A Broken Heart Beats in Packrat

  • July 9, 2015, 9:22 a.m.
  • |
  • Public

Last night my dear, beloved companion M’ow went on to new adventures and left me behind to remember her. She had been with me since a kitten; she was 18 years old, almost 19.

Animals know, and there are usually signs of a pending farewell. Their behavior changes. Even my little “doctor” cat’s behavior changed; she started cuddling up to me, staying on my lap, sleeping with me, as if to try to buffer the heartache to come. I didn’t want to see that, didn’t want to think of saying good-bye to someone I love so much.

M’ow always had cattitude. She had been one of the first feral kittens to be born at the house. When I introduced kittens into the household, I’d have to catch them first, feed them on top of our washer to keep their food away from the dogs, and then they’d stay in my room until they and the dogs got used to the idea of other furry beings sharing living space.

M’ow marched right in when the door opened, and after she ate she jumped from the washer and marched right into the living room to lay with the dogs.

She had a favorite dog and sat on the armrest to swat at anyone, human or canine, who bothered her dog.

She had a slight underbite that made her look slightly pouty, and she was the only cat I ever knew who could frown.
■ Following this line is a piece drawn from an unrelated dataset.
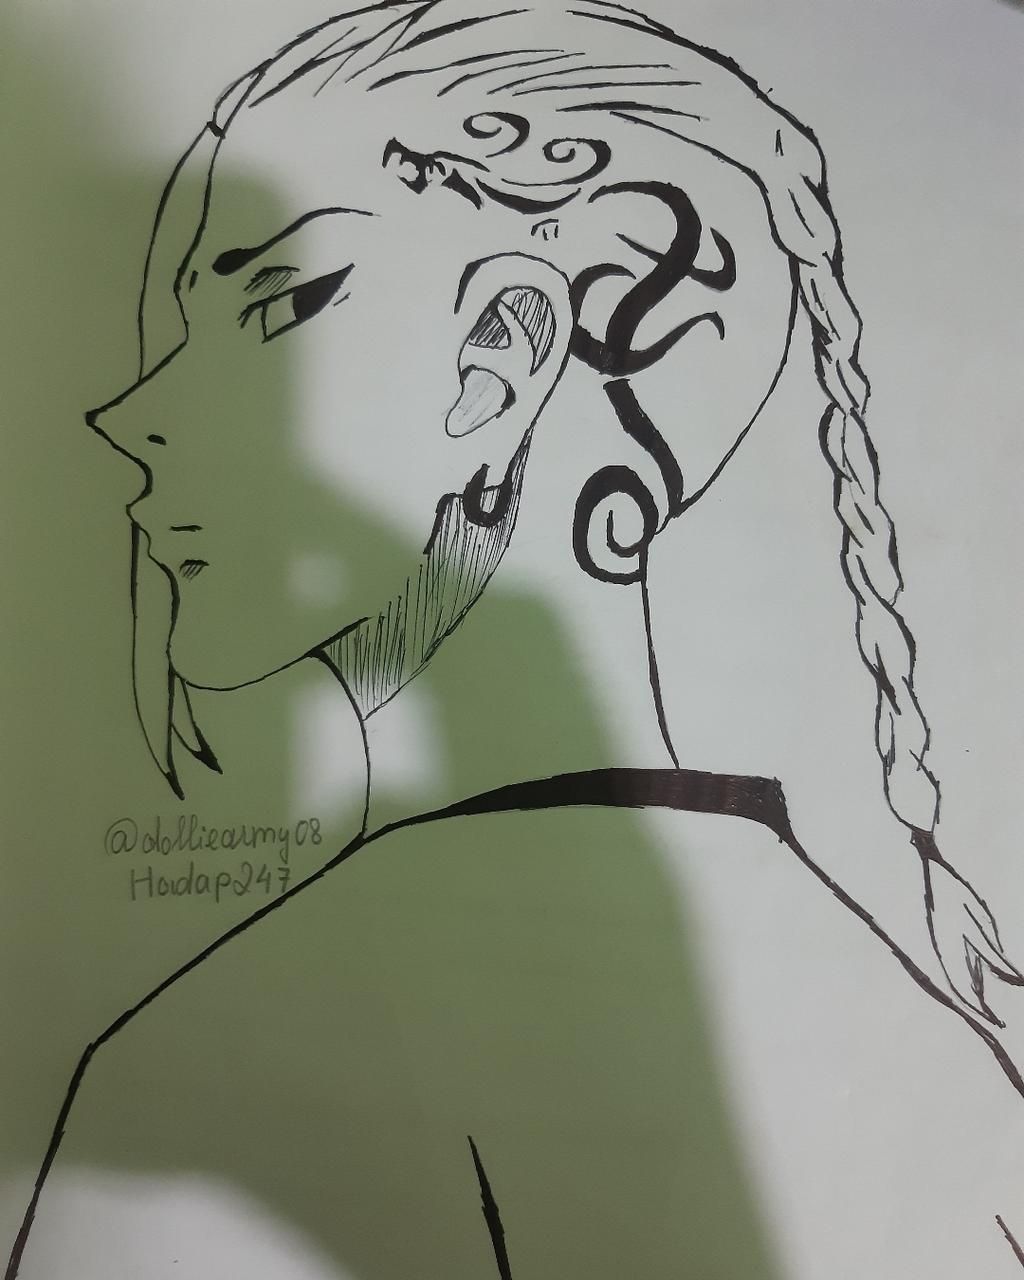 Vẽ Draken: Sáng tạo và vẽ hình của Draken đang trở thành xu hướng được yêu thích hiện nay. Hãy xem các hình ảnh độc đáo về Draken được tạo ra qua những bức tranh sơn dầu hoặc bút chì đẹp mắt.

She was loving on her own terms. Everybody used to say that the smallest being in the house (M’ow) was also the meanest, and she felt entitled to do whatever she wanted to do whenever she wanted to do it. I called her the little queen.

I’ve been called a princess so much that someone once asked how she was a queen while I’m just a princess, and I replied it’s because I know my place.

I acknowledged that it was her house and I was the help.

She was the first cat I ever kissed and the one who received most of them. Truth be told, she was my favorite; she was why others were taken in. Before her, they had been indoor and outdoor cats who grew to a certain age and then left; she had been an indoor and outdoor cat, but then I kept her indoors.

Now I don’t know how to function. She won’t be meowing for breakfast, dinner, or treats or for fresh water. She won’t be cuddling with me wherever I am, won’t be sleeping beside me at night. She won’t be waiting for me outside doorways. She was always with me, and now she’s not.

I buried her this morning and planted flowers on her grave. She finished this life; she has eight others, and I wish she’d spend them all with me.